2009-08-20 11:04:04 RRD error updating /export/home/hobbit/data/rrd/h3-avm-dbx/ifstat.mac.rrd from 10.6.60.1: illegal attempt to update using time 1250762644 when last update time is 1250762644 (minimum one second step) 2009-08-20 11:04:06 RRD error updating /export/home/hobbit/data/rrd/h2-emu13/ifstat.mac.rrd from 10.6.60.1: illegal attempt to update using time 1250762646 when last update time is 1250762646 (minimum one second step) 2009-08-20 11:04:06 RRD error updating /export/home/hobbit/data/rrd/h2-emu13/ifstat.mac.rrd from 10.6.60.1: illegal attempt to update using time 1250762646 when last update time is 1250762646 (minimum one second step) 2009-08-20 11:04:06 RRD error updating /export/home/hobbit/data/rrd/h2-emu13/ifstat.mac.rrd from 10.6.60.1: illegal attempt to update using time 1250762646 when last update time is 1250762646 (minimum one second step)
I have a number of setups where messages like this are common, due to running network tests and SNMP polling at intervals smaller than 5 minutes (without adjusting all the RRD files to cater to this), and I have not seen hobbit "crash" due to this.
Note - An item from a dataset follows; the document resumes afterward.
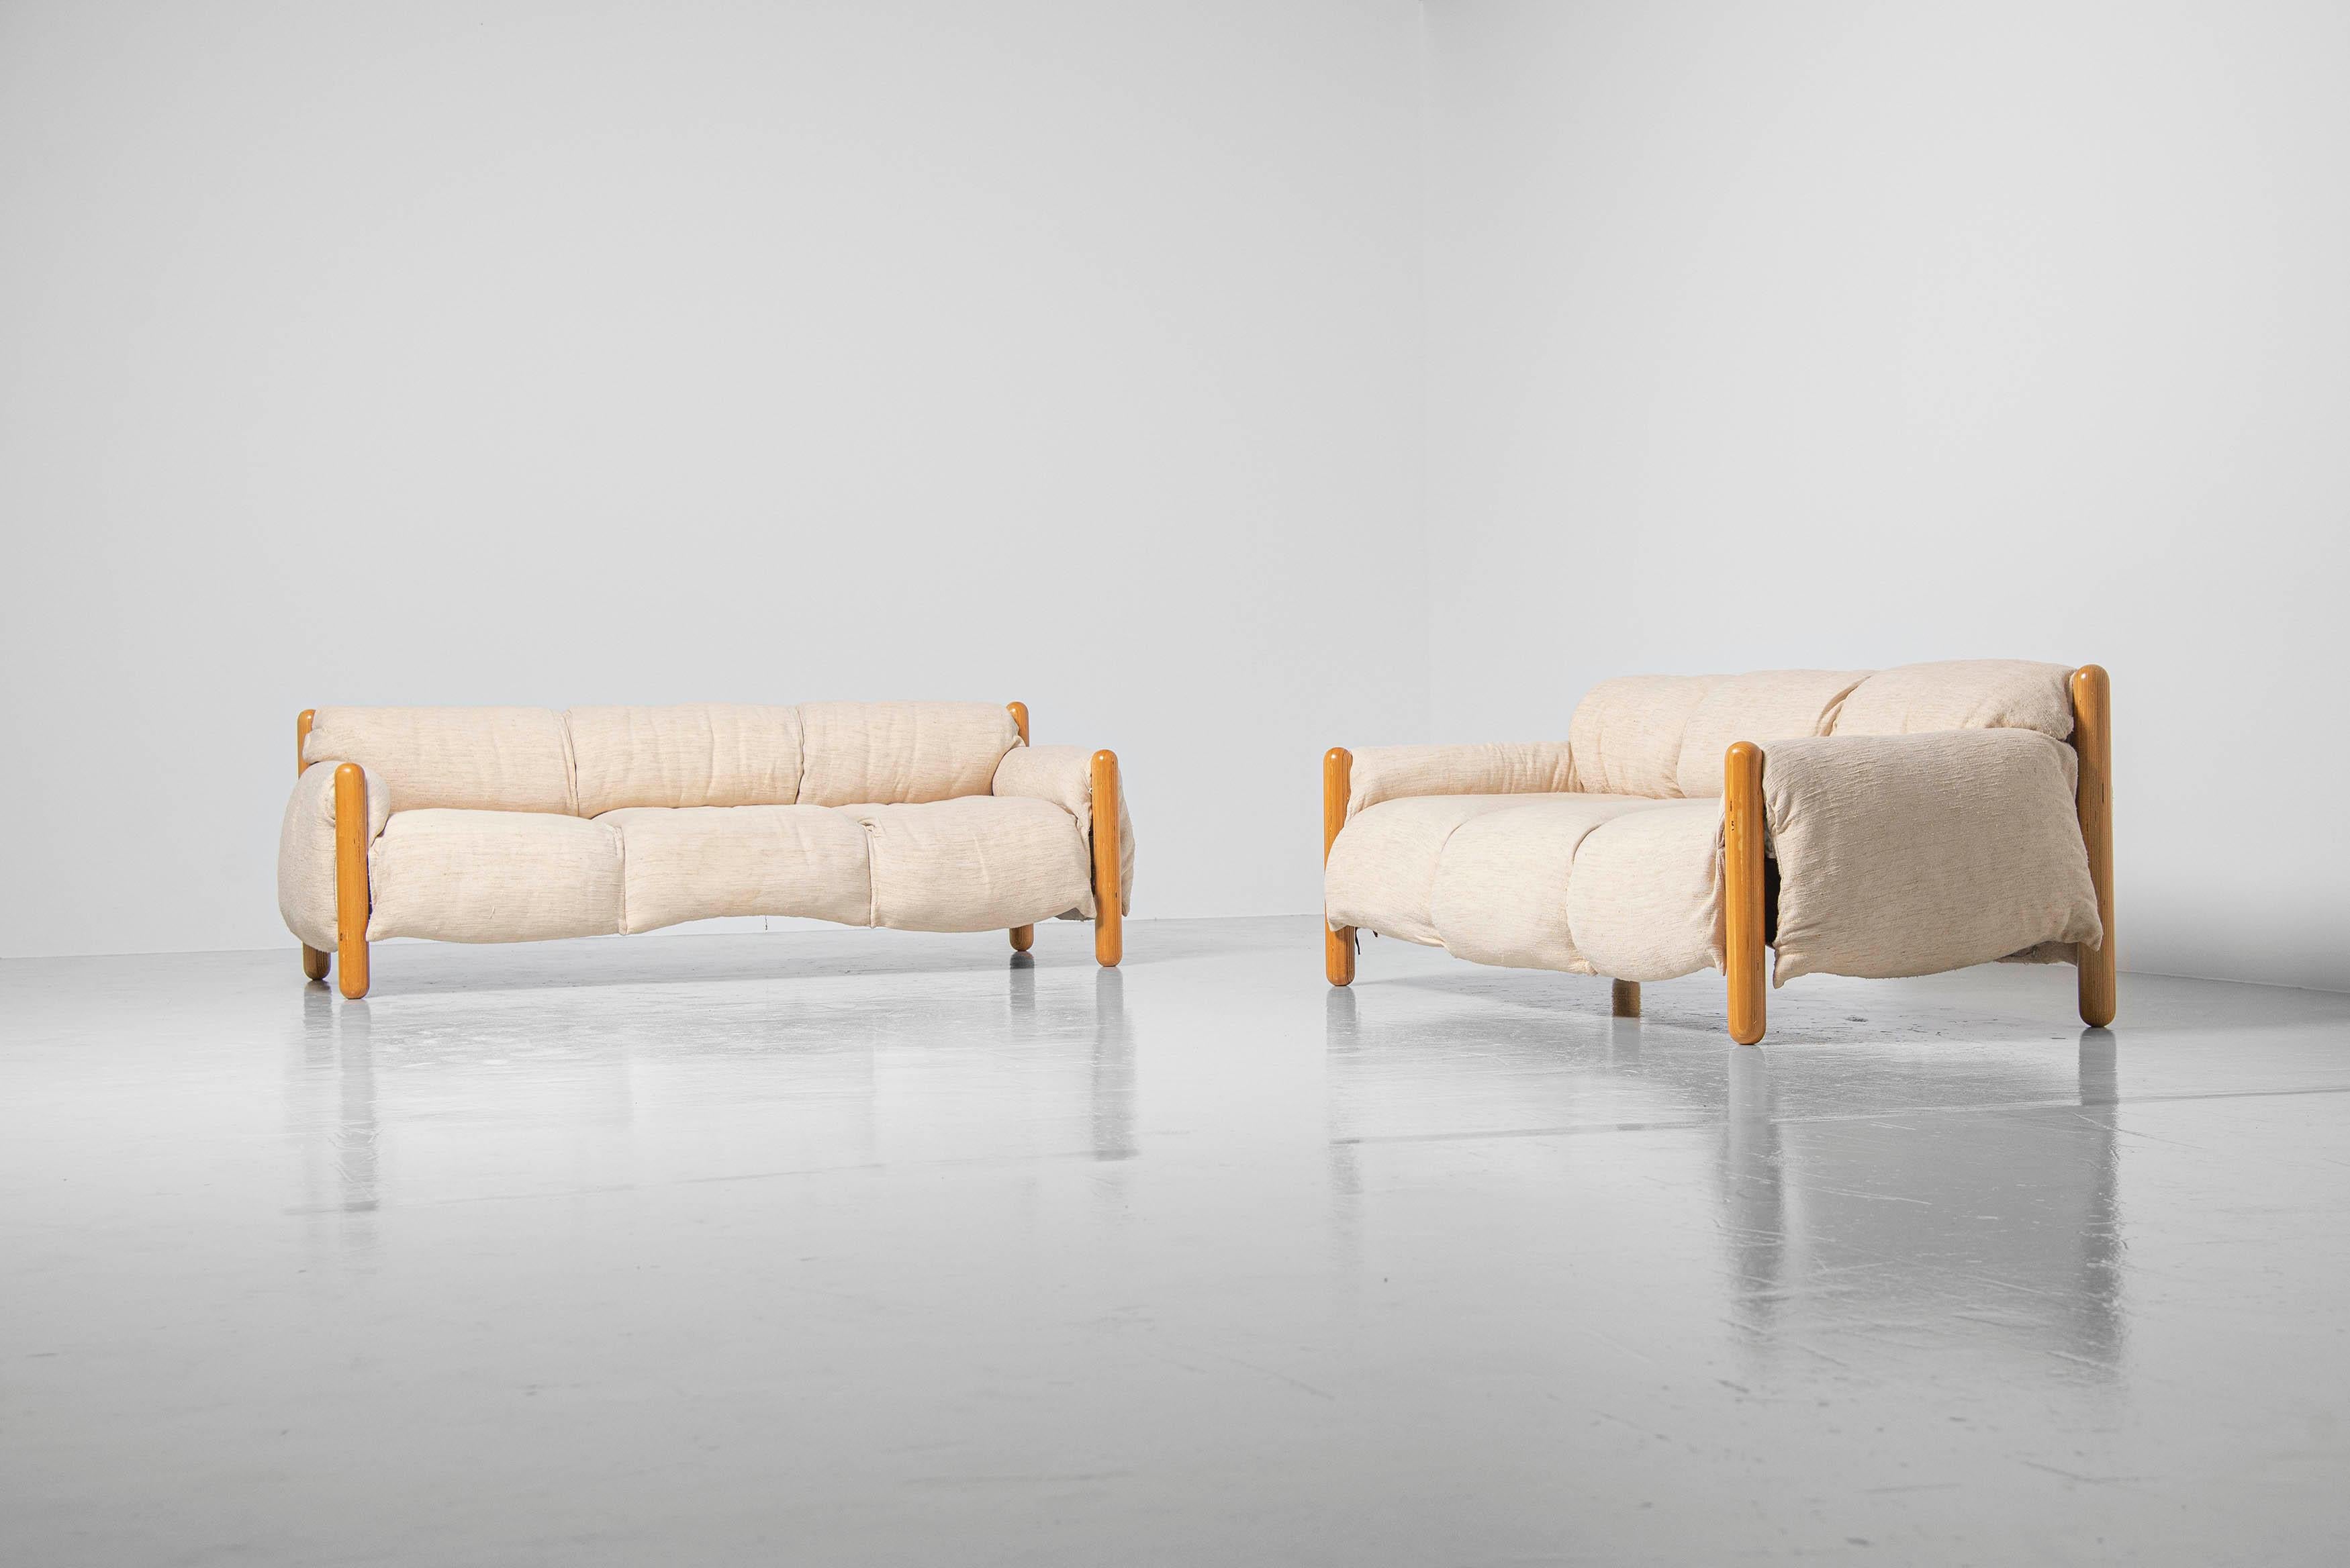 Playful and cosy Gambadilegno sofa's designed by Enzo Mari and manufactured by Driade, Italy 1974. These sofa's were made in very small production only and makes these very difficult to find. These sofa's were always together in a pair and have

What is the behaviour you see when it "crashes the server" ? Does hobbitd_rrd die and leave a status message? Or, does something else occur? Does the server reboot? Does the OS hang? How often does this occur?
My question is - how can we stop this happening?
You would first need to tell us what is happening ...
Also, why is this happening? Is there a way we can disable rrd graphing on one server so just one hobbit server handles the graphing?
I hope that makes sense. If you need further clarification please let me know.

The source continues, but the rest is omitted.